Perfectly positioned as the opening track to ensure continued listening, “Boom Boom” may be the most familiar, given that his boogie style evolved most directly from it. Contemporary bluesmen Big Head Todd & The Monsters covered it, with the author in tow, on Beautiful World back in 1997, but Hooker sounds more ominous on his own though, as is also true of  “It Serves Me Right,” to which arrangement The J. Geils Band hewed closely on their eponymous debut and rightly so: it defines the truth(s) of the blues.

Likewise, the Doors included “Crawlin’ Kingsnake” on their final album with the late Jim Morrison because it not only fits the return-to-roots concept of  LA Woman, but its imagery correlated with the poetry of their frontman. On a lesser-known front, “Dimples” was part of the early repertoire of The Allman Brothers Band, most significantly as the sole song on which founder and guitarist Duane Allman sang lead. The sense of humor within the tune is only partially camouflaged by the salty sense of perspective in the lyric, not to mention its assertive rhythm.

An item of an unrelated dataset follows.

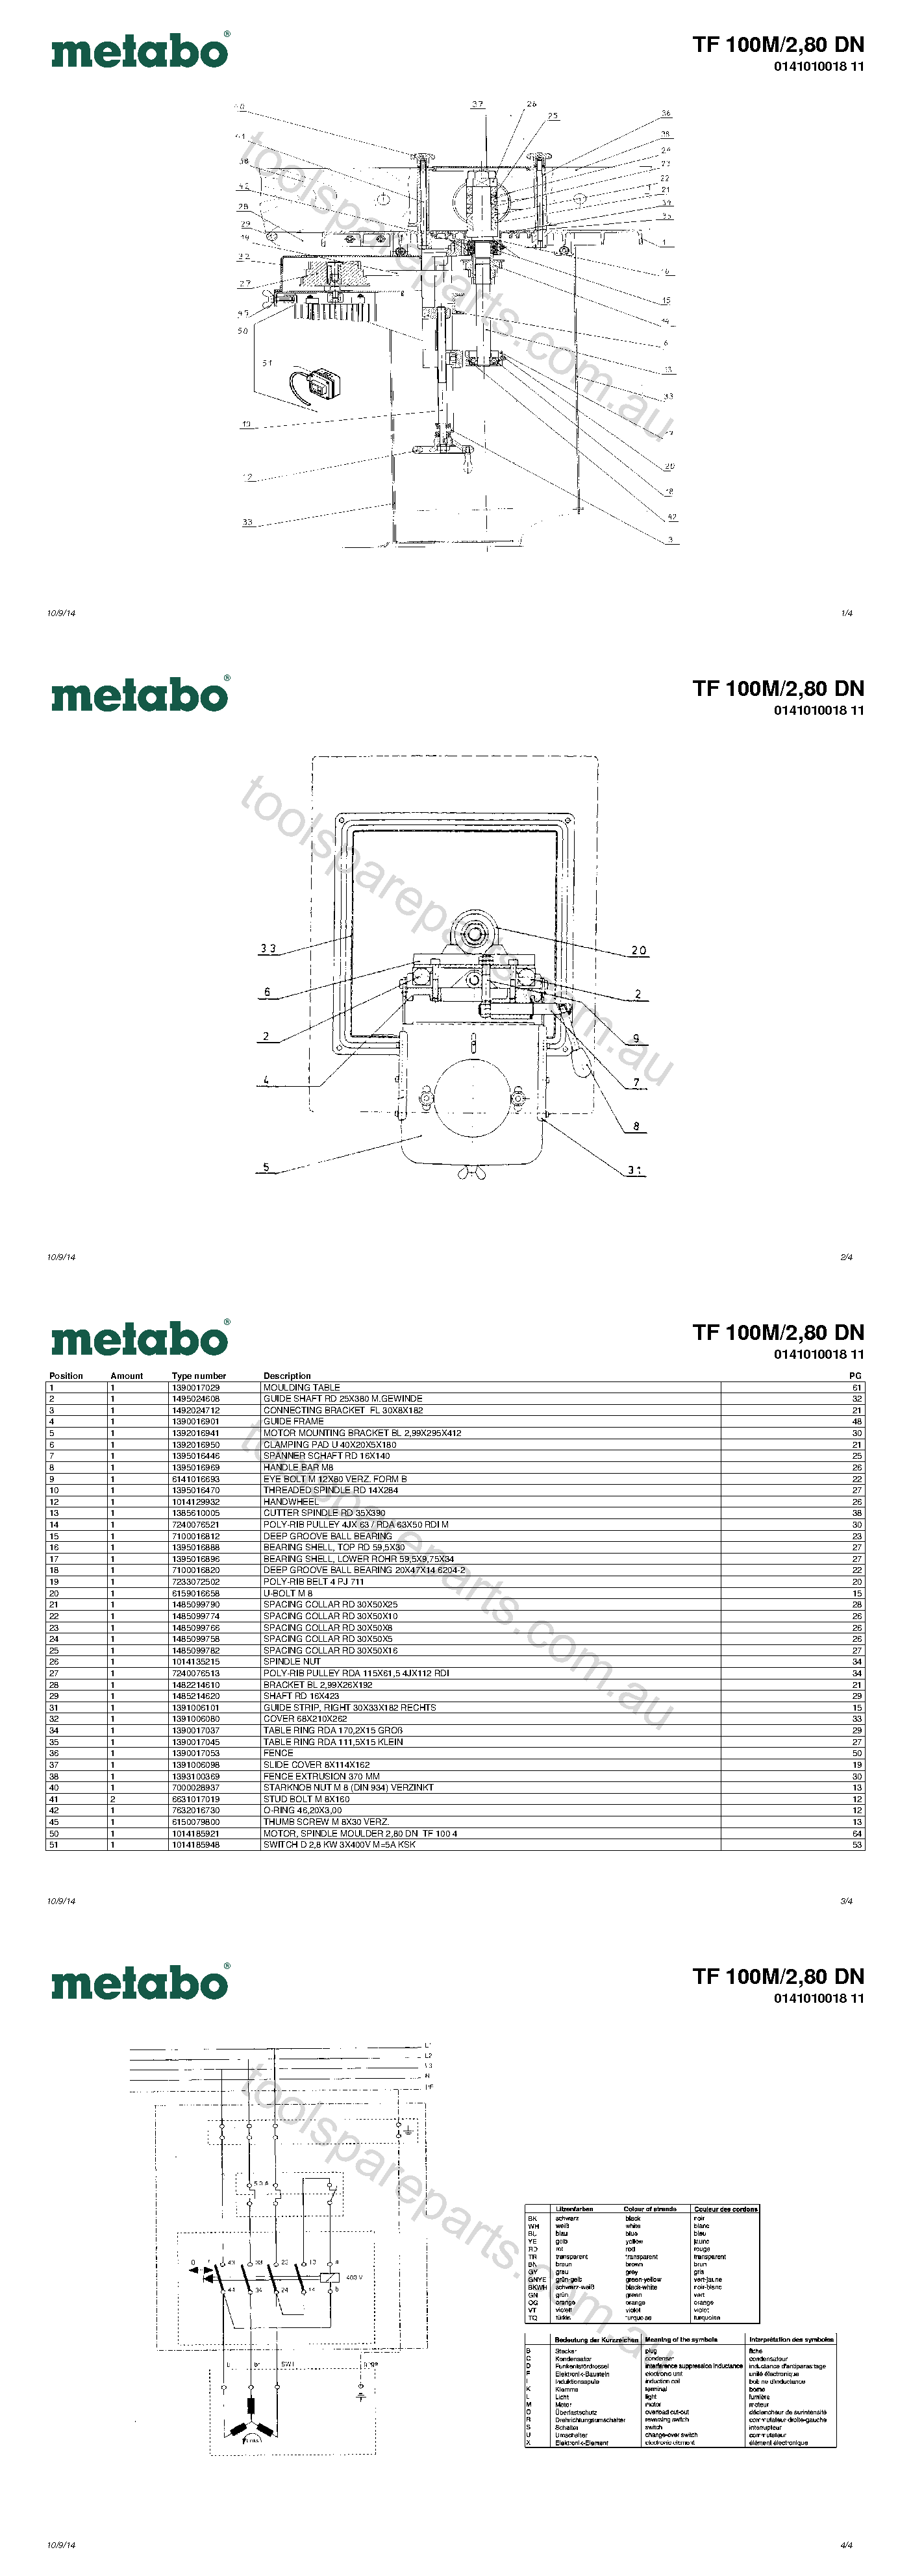 Metabo TF 100M/2,80 DN 0141010018 11  Diagram 1

Which puts it in line with much of the rest of John Lee Hooker’s Finest, where the sensations in the title tune, alternately delightful and disturbing,  consistently occupy the attention of  John Lee Hooker. Thus, “I’m in the Mood,” “Big Legs, Tight Skirt” and the acoustic-based “No More Doggin’” highlight a collection on which the producers did yeoman’s work to compile recording and musician credits to the fullest extent possible (properly denoting, among others, Motown stalwart James Jamerson on bass).

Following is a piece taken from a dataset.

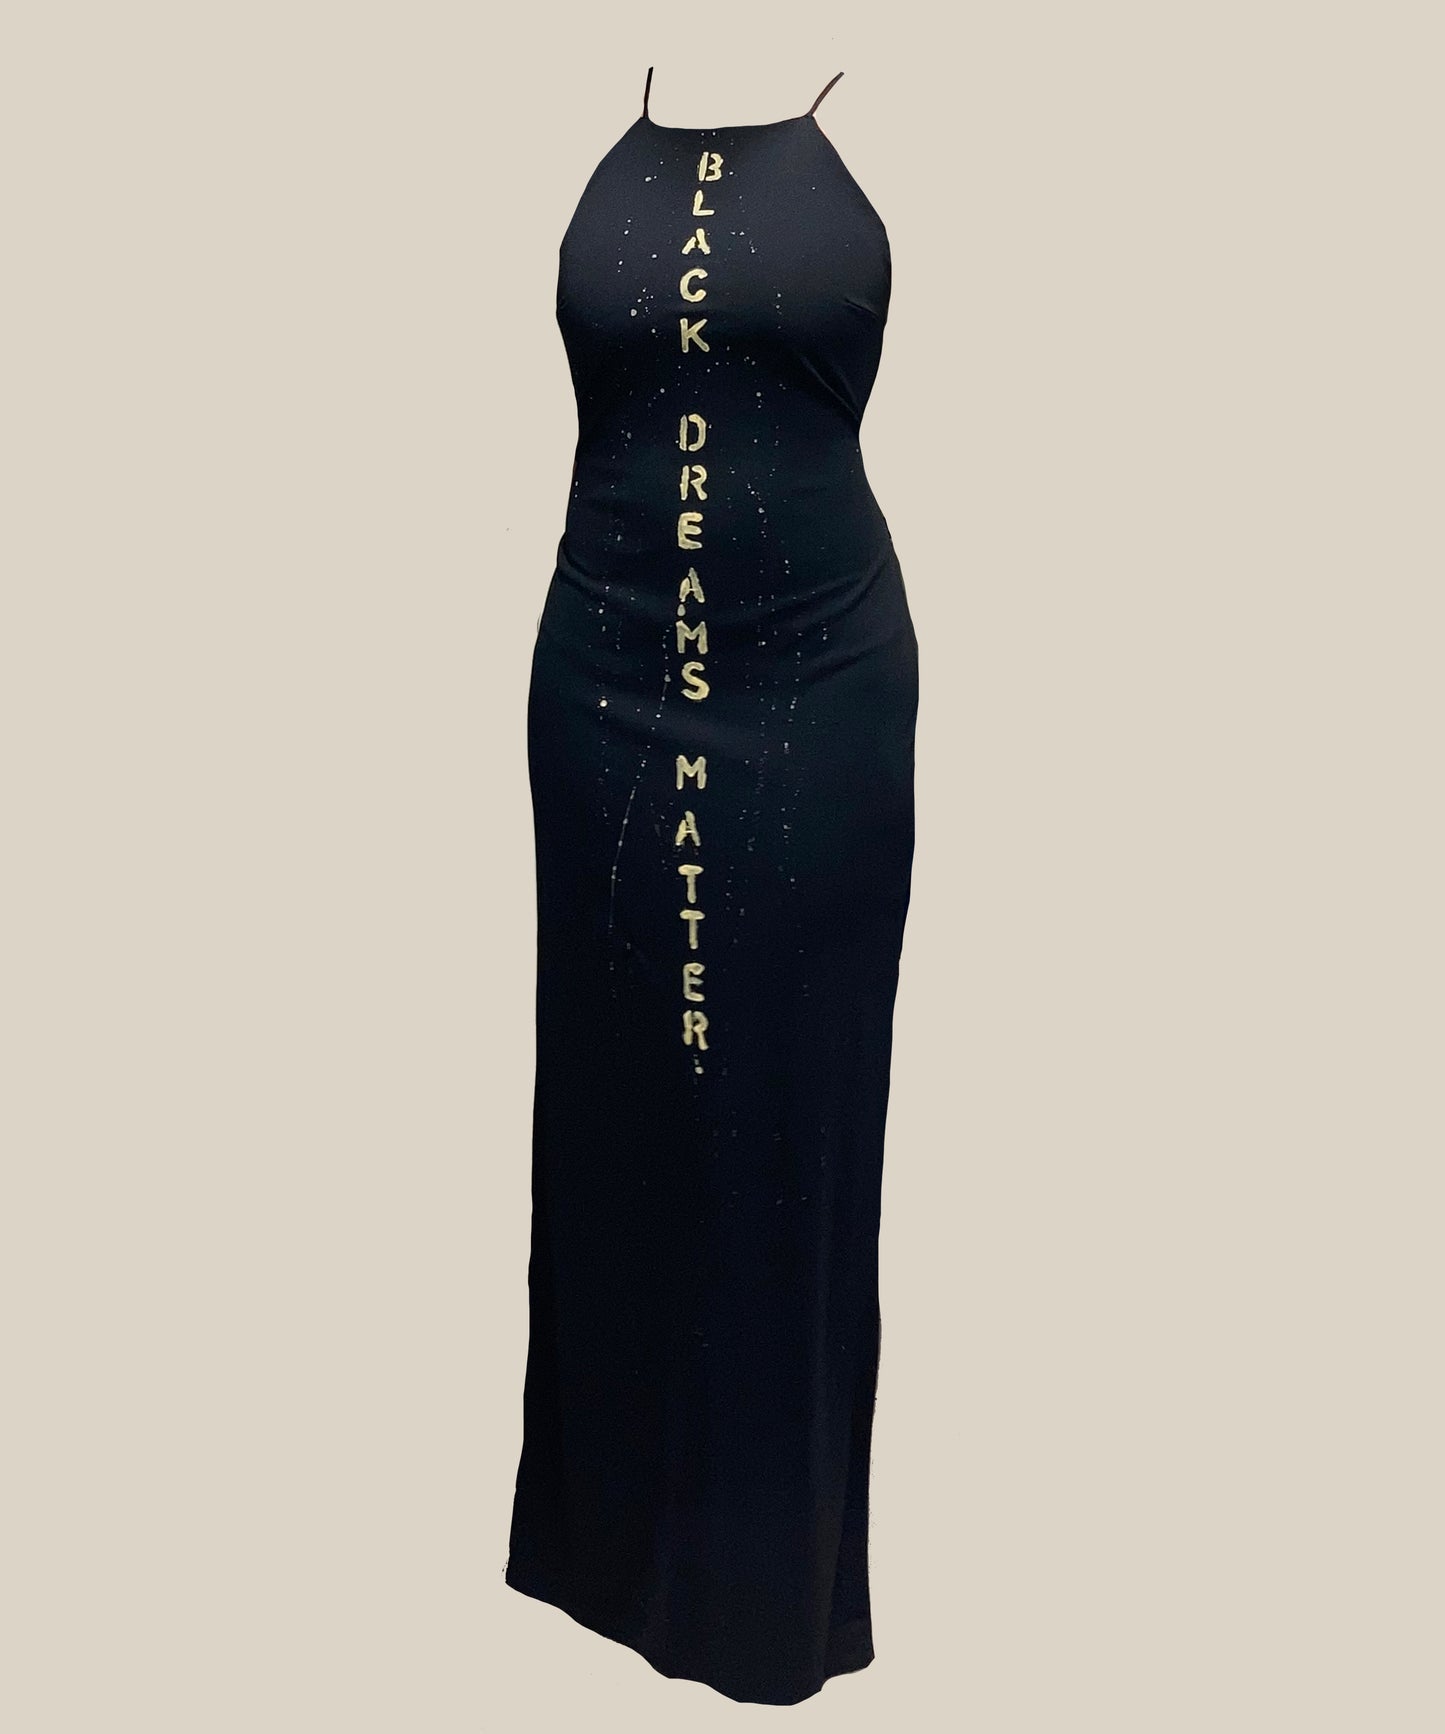 'Black Dreams Matter' Strappy Dress

Mason Williams and company also exhumed period photos that, sprinkled throughout the sixteen-page booklet, capture Hooker’s history almost, but not quite,  as vividly as Bill Dahl’s broadminded essay: the author correct calibrates Hooker’s influence on British blues. Still, it’s the remastered sonics of the performances like that of “I Need Some Money,” that truly evoke the vintage Fifties and Sixties during which the tracks were recorded. As a result, Whiskey & Wimmen: John Lee Hooker’s Finest, is something of a primer on the blues genre at large.